Going Somewhere

It’s still dark when I wake up here. Winter still keeps the sun down until 8 AM, but I’m usually up an hour before.

As I finish my morning routine, I’m dressing up to get out for my daily cup of coffee. Schools and kindergartens are still open, although pretty much every other social venue is closed (just a few coffee shops selling cafe para llevar). My daily walk goes through a dense patch of parents leaving their kids at the kindergarten across the street, but other than that, it’s pretty empty. Every other block, there might be a van stopped in front of a frutas y verdura, unloading a few crates of aguacate, fresas or tomate. A part from the sound of my own steps, it’s silent. Even the main train station, which I pass by every morning, seems deserted.

It may look like a strange scene, but this morning walk to my daily coffee is one of the most important parts of the day for me.

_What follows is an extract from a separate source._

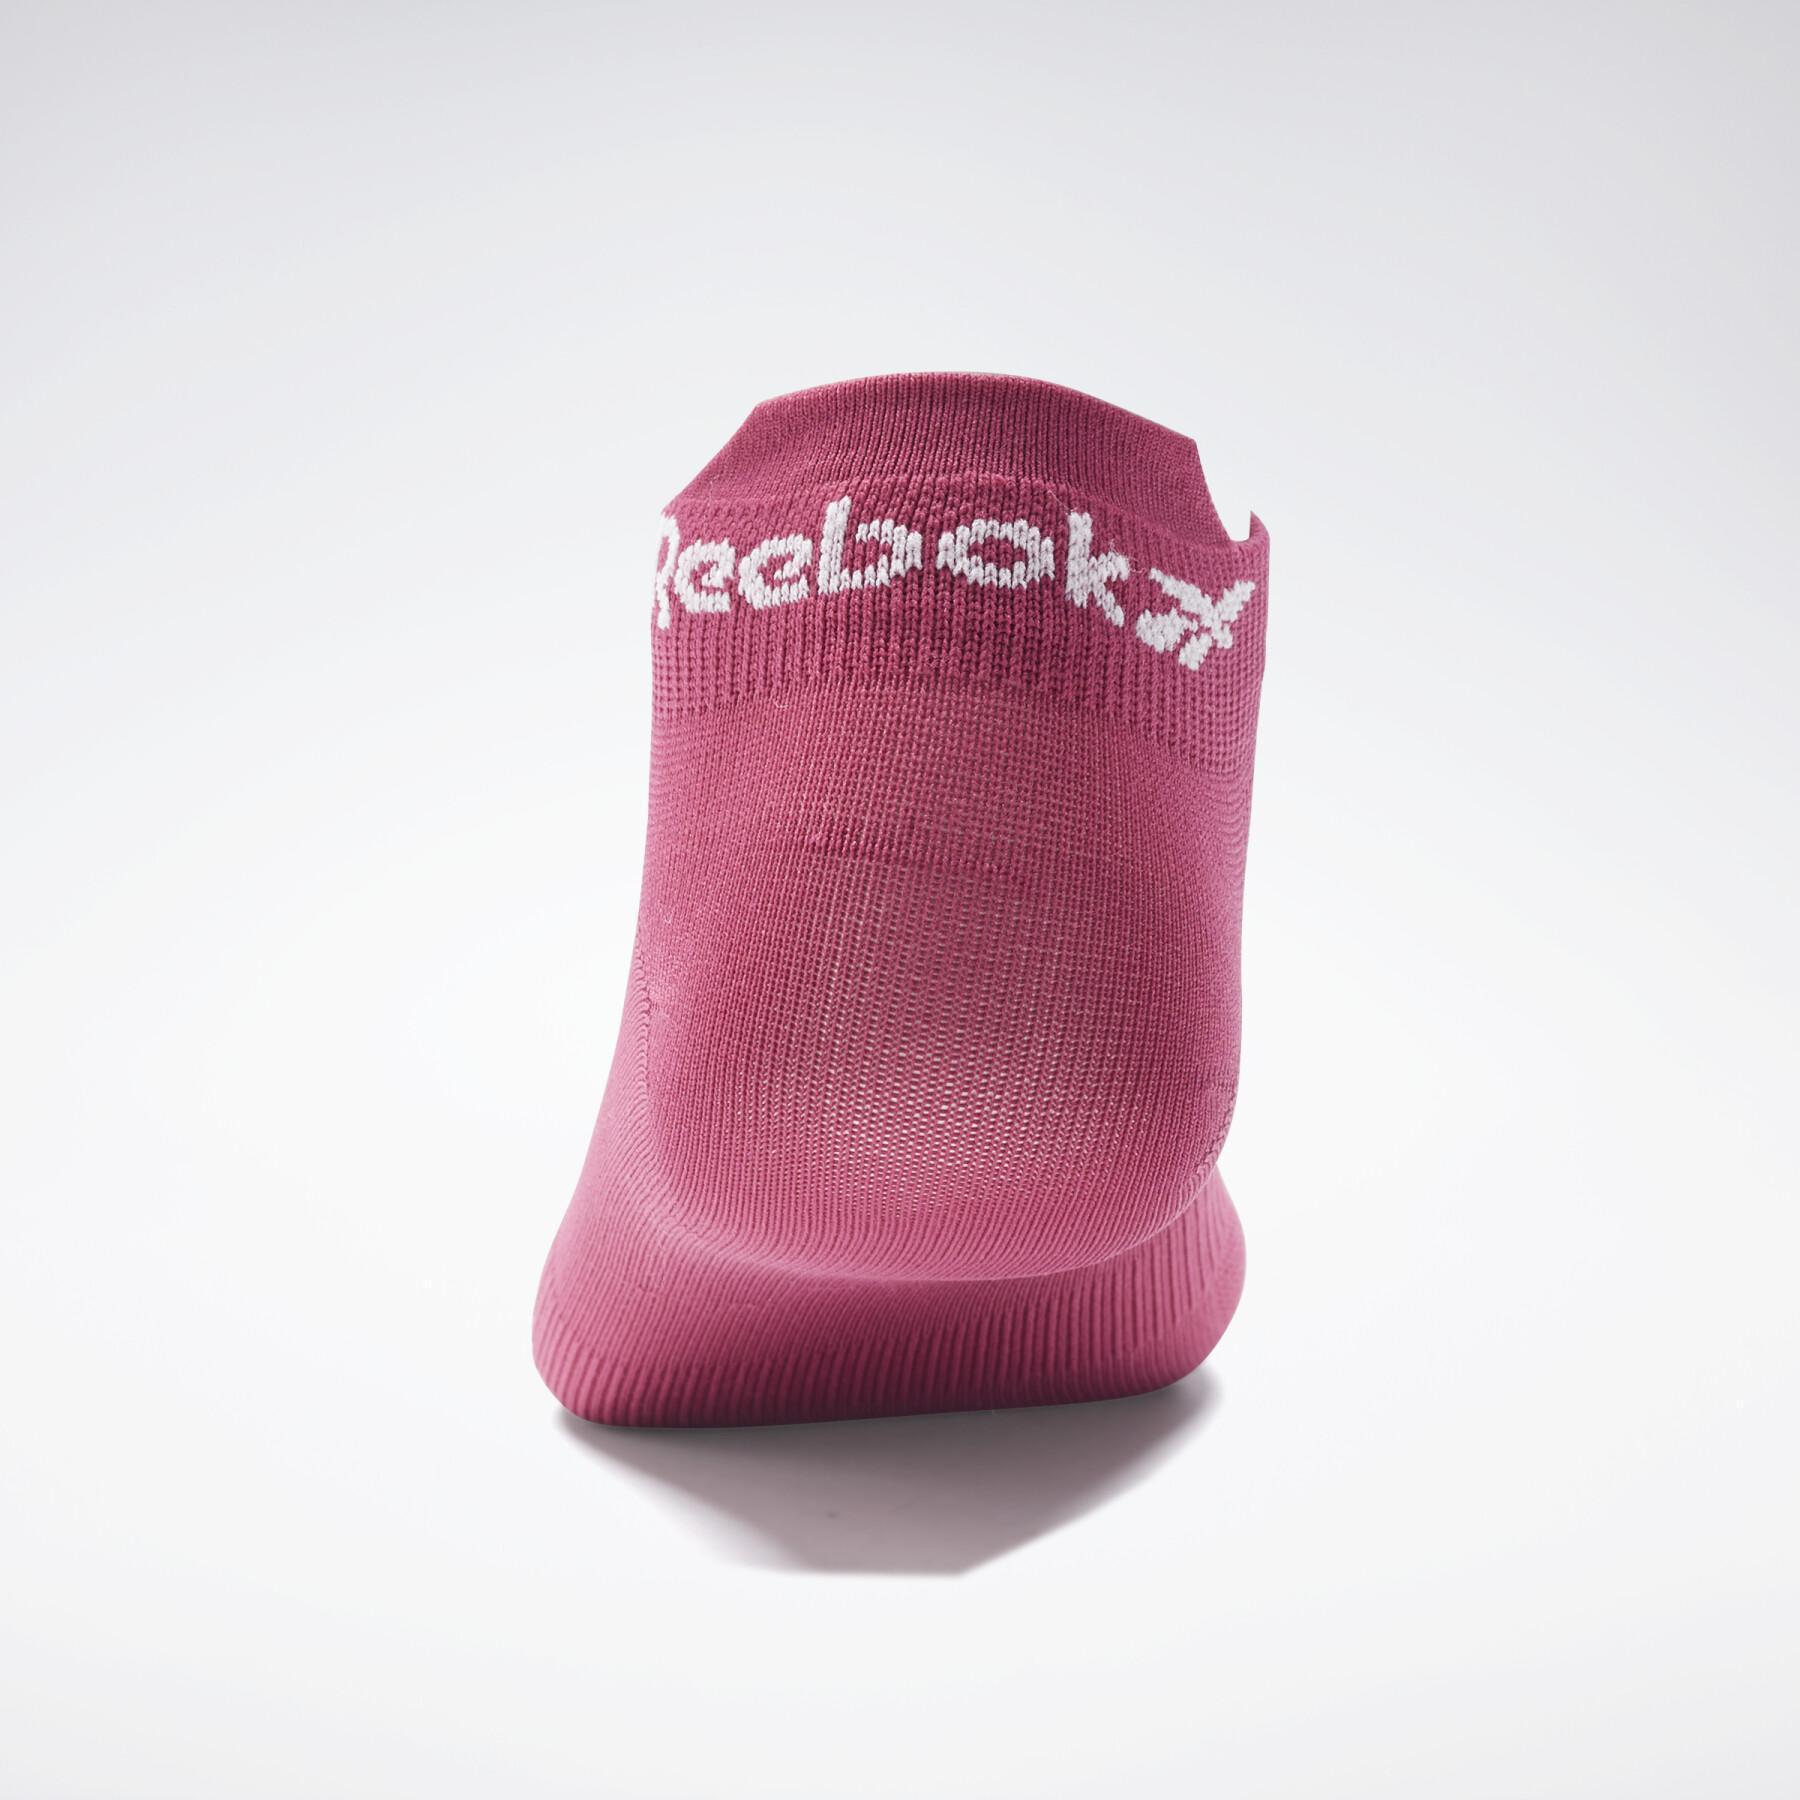 Packung mit 3 Paar niedrigen Socken für Frauen Reebok One Series

You see, during the last 4 weeks we’ve been in a de-facto lockdown here, in the Valencian Community, and that means a huge part of what I understood by “life” is shut down. No live interactions, no travel, no spending loads of time in nature. I didn’t meet any of my friends in real life for more than a month. I didn’t meet anyone in real life, for what matters, outside my barrista friend from the coffee shop. Although it seems like we’re free to move around (and indeed, we can get out of the houses) we’re just confined in a bigger enclosure.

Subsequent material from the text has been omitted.